PROBLEM STATEMENT: Reproduce verbatim the lines of the material below, starting at the line with "JUPITER dormeuse - Quality" and ending at the line with "White kids t-shirt", both inclusive; skip the rest.

SOURCE DATA:
Segment Open
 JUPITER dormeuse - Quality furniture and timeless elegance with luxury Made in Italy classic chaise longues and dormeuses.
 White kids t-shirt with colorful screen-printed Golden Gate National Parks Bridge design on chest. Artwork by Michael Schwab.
Segment Closed
Segment Open
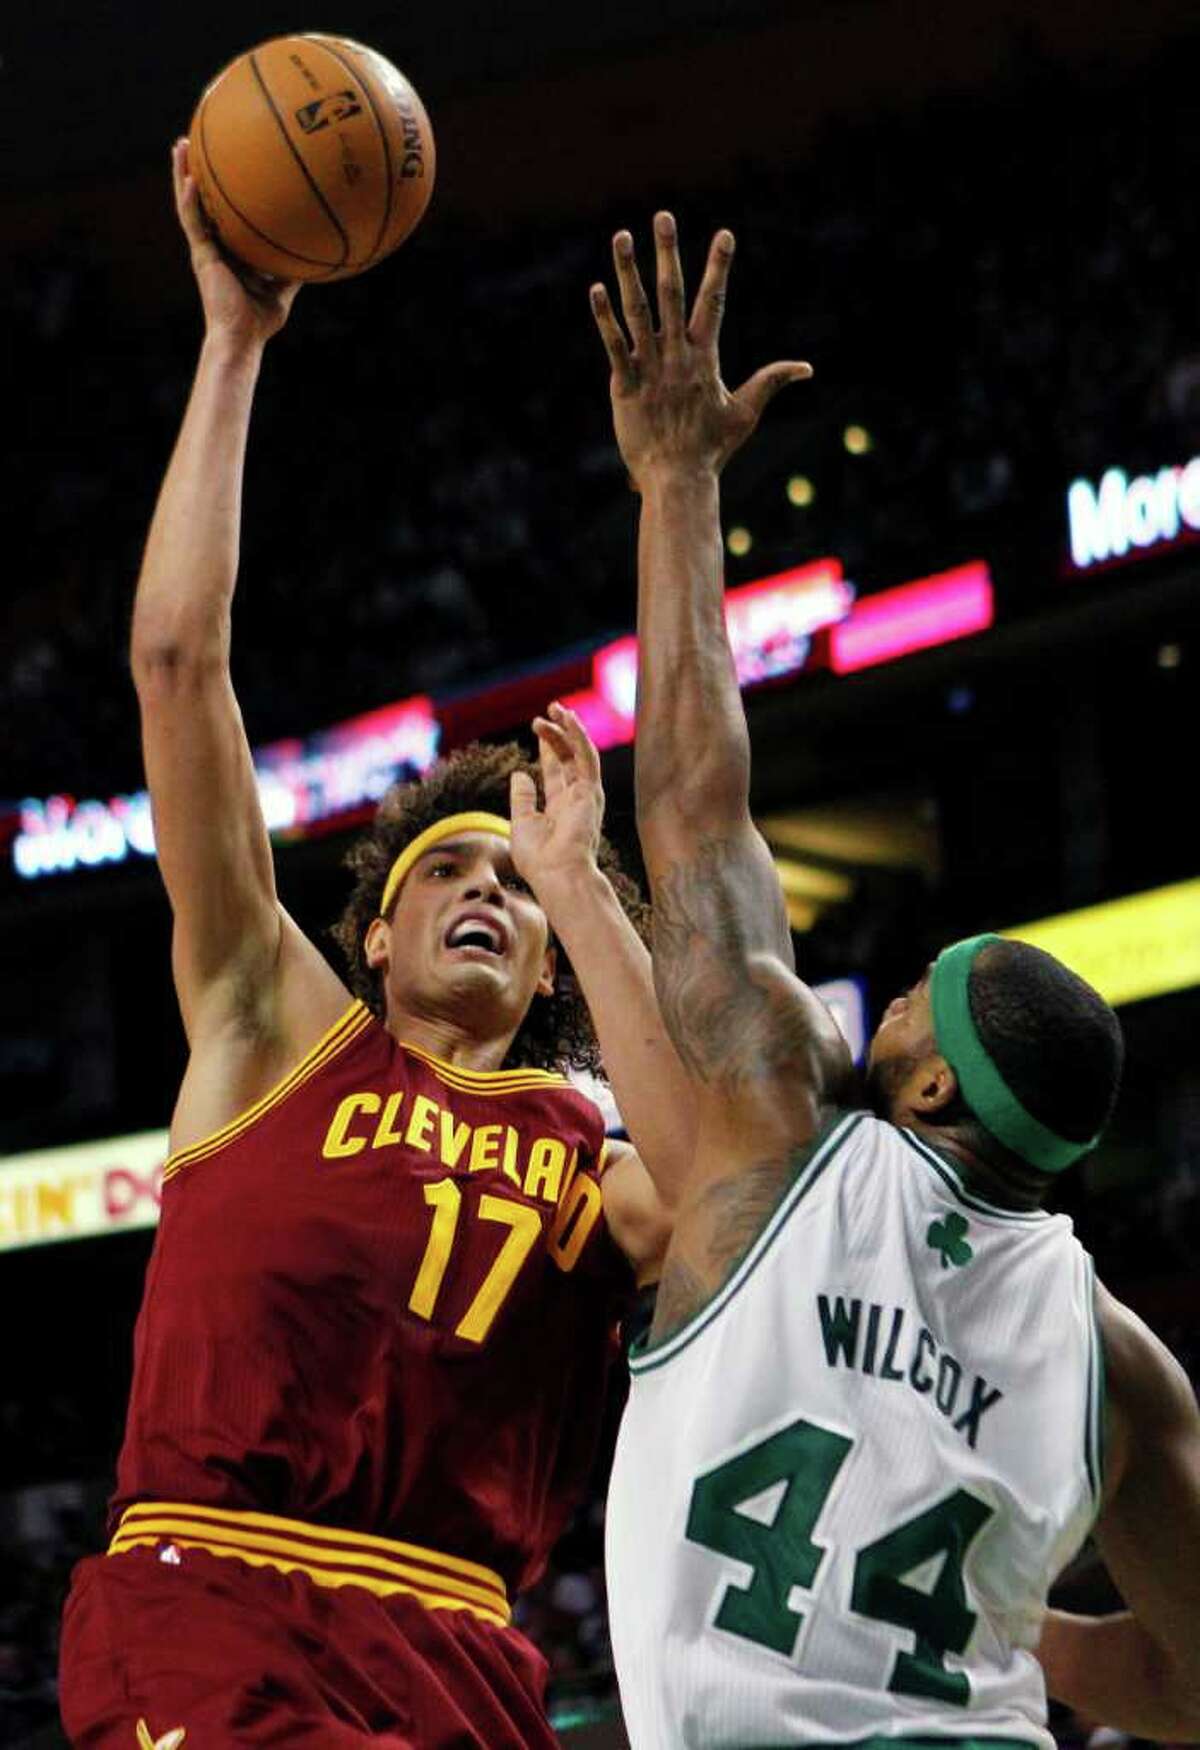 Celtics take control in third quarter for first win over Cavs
Segment Closed
Segment Open
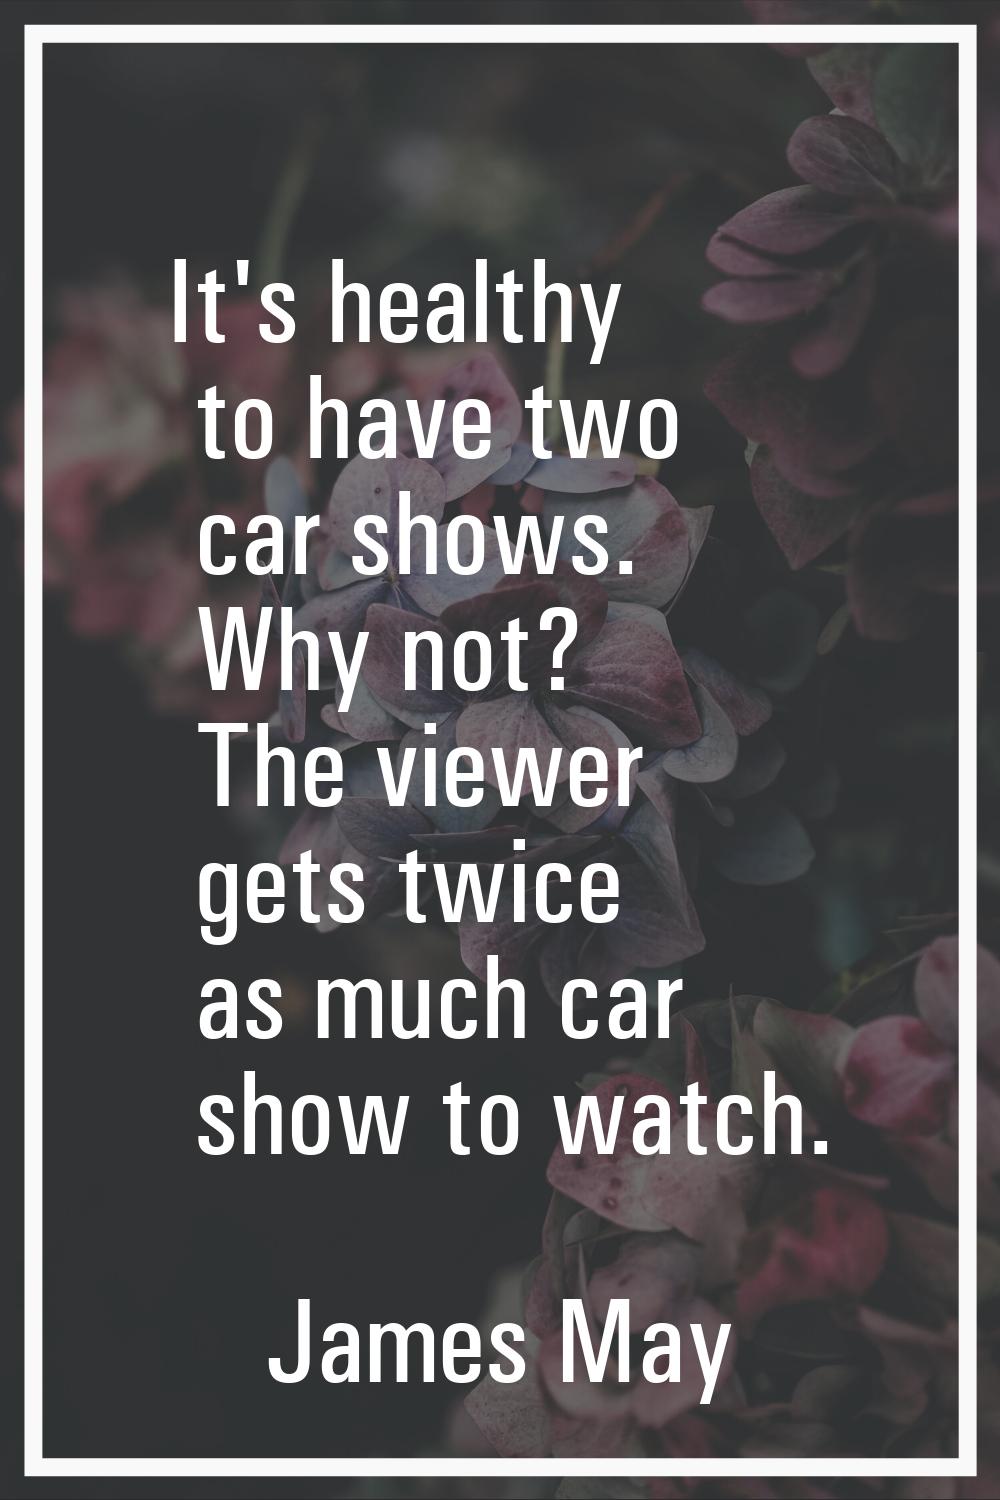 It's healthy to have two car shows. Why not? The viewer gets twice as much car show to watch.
Segment Closed
PROBLEM SOLUTION:
 JUPITER dormeuse - Quality furniture and timeless elegance with luxury Made in Italy classic chaise longues and dormeuses.
 White kids t-shirt with colorful screen-printed Golden Gate National Parks Bridge design on chest. Artwork by Michael Schwab.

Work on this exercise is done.